• **TASK TO CARRY OUT**
Your task is to give the listing below back word for word, pictures excluded.

• **RAW DATA**
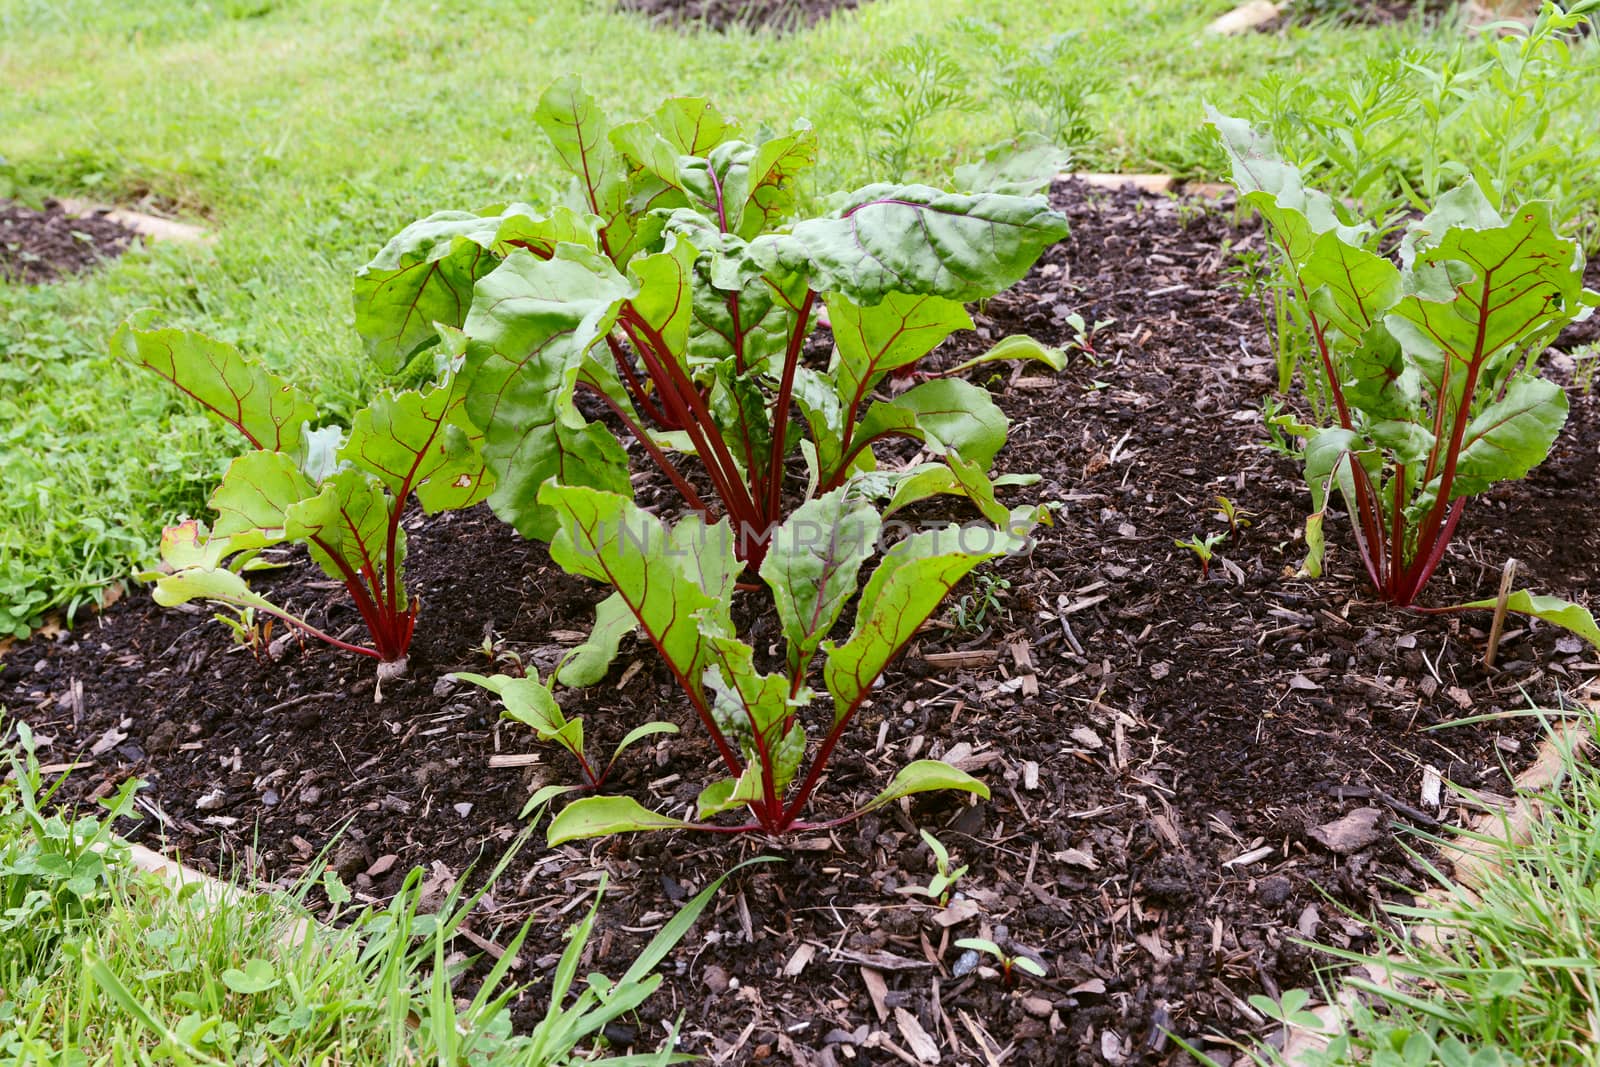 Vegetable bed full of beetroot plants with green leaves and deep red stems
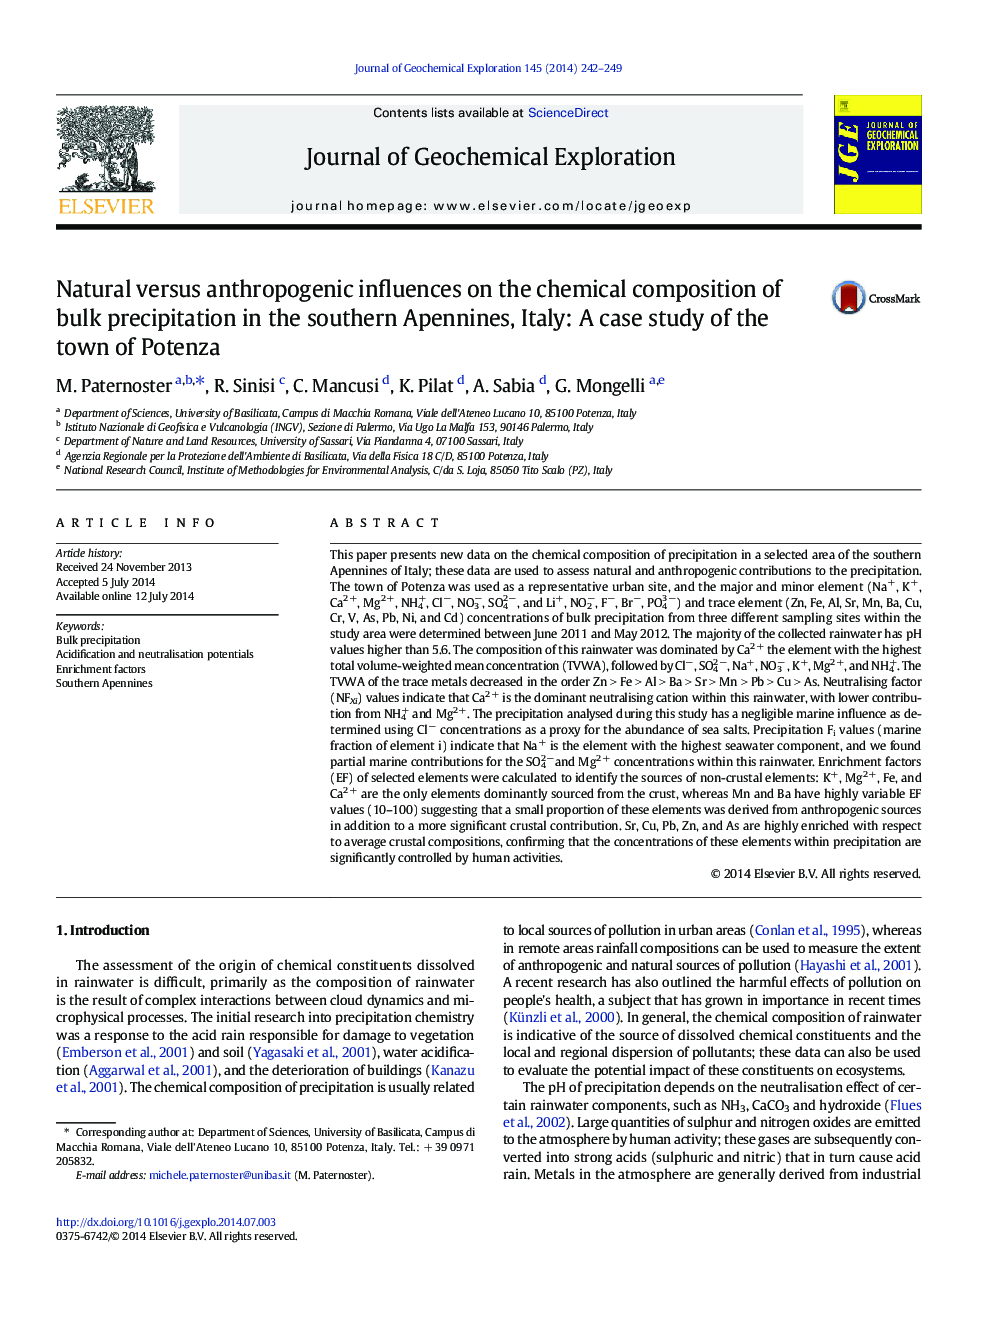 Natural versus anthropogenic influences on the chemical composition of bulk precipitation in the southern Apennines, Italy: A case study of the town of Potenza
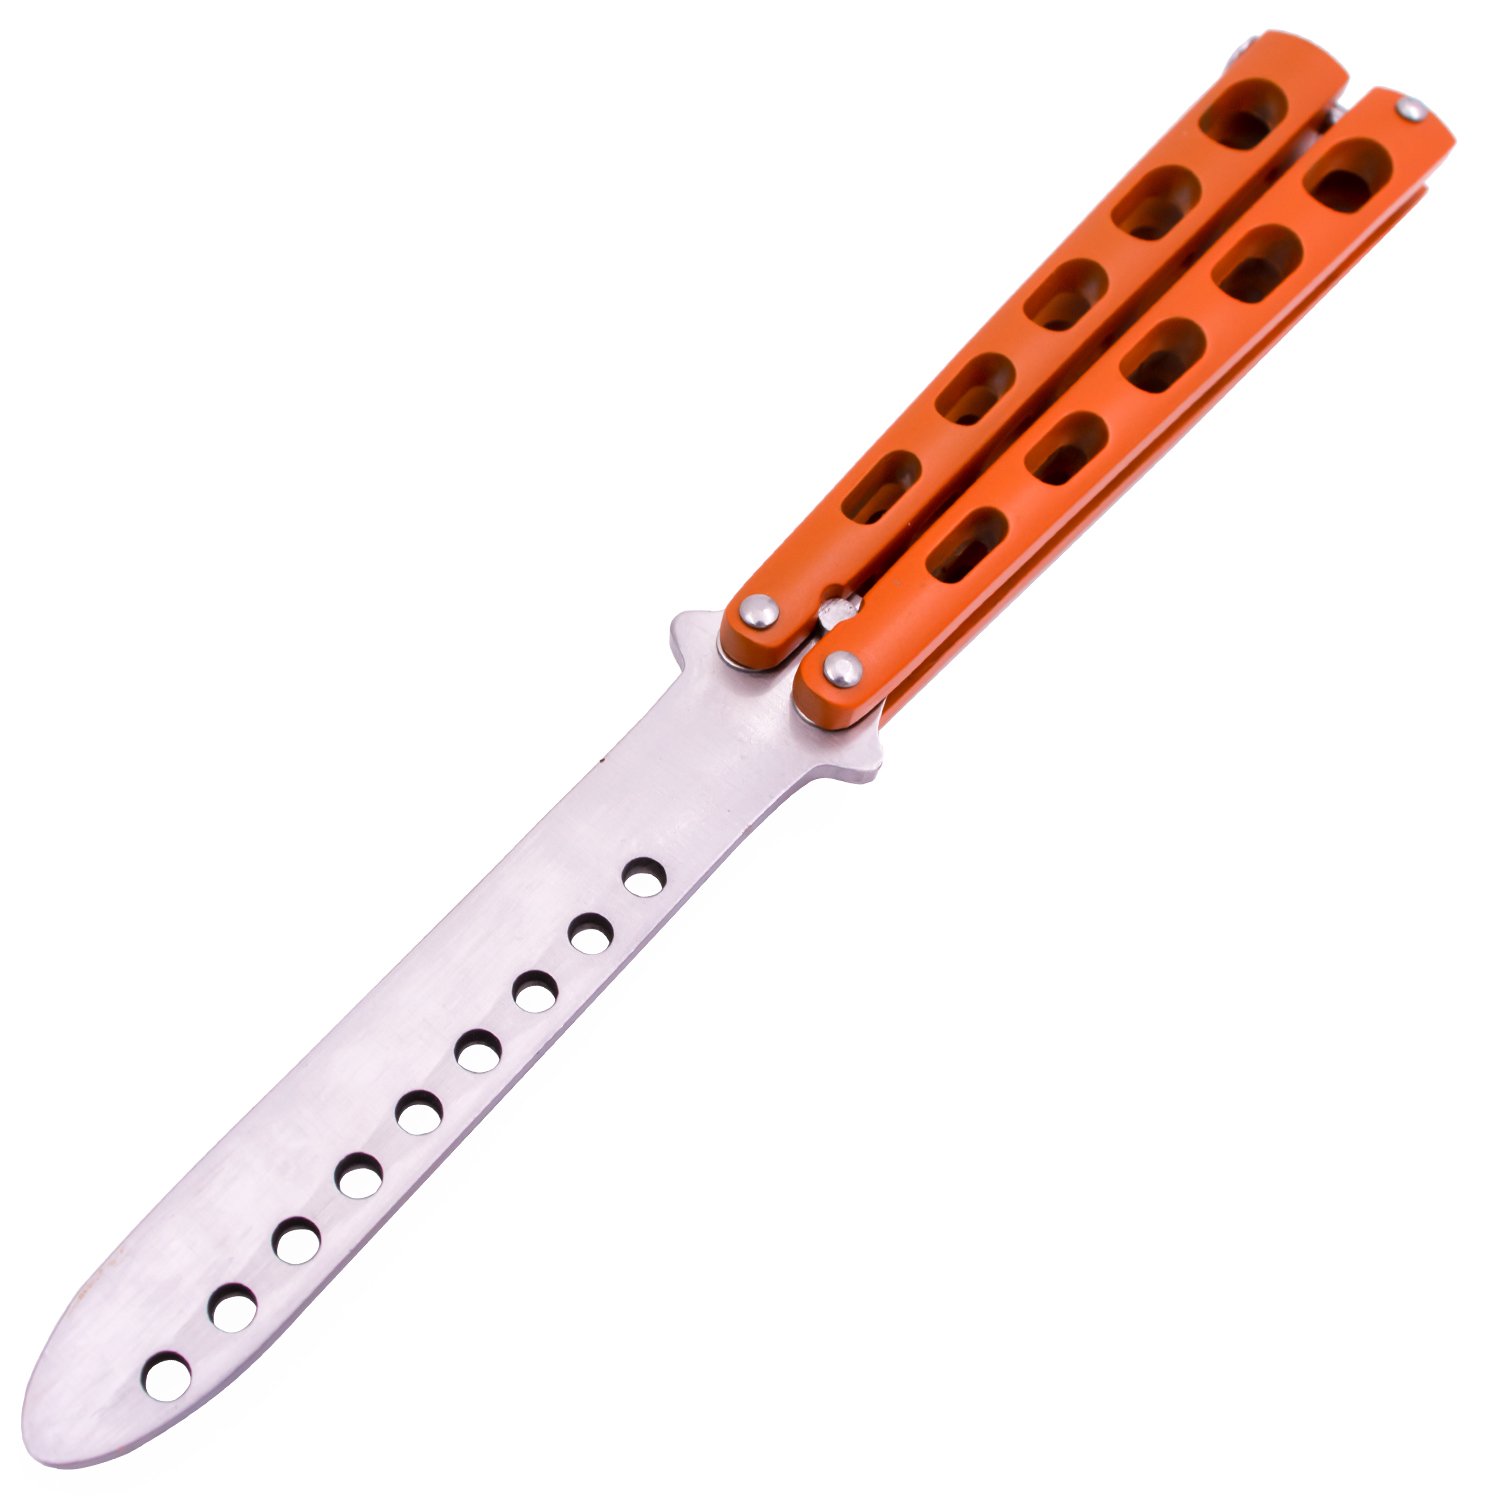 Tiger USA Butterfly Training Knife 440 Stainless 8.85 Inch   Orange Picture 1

• **PROBLEM SOLUTION**
 Vegetable bed full of beetroot plants with green leaves and deep red stems
 Natural versus anthropogenic influences on the chemical composition of bulk precipitation in the southern Apennines, Italy: A case study of the town of Potenza
 Tiger USA Butterfly Training Knife 440 Stainless 8.85 Inch   Orange Picture 1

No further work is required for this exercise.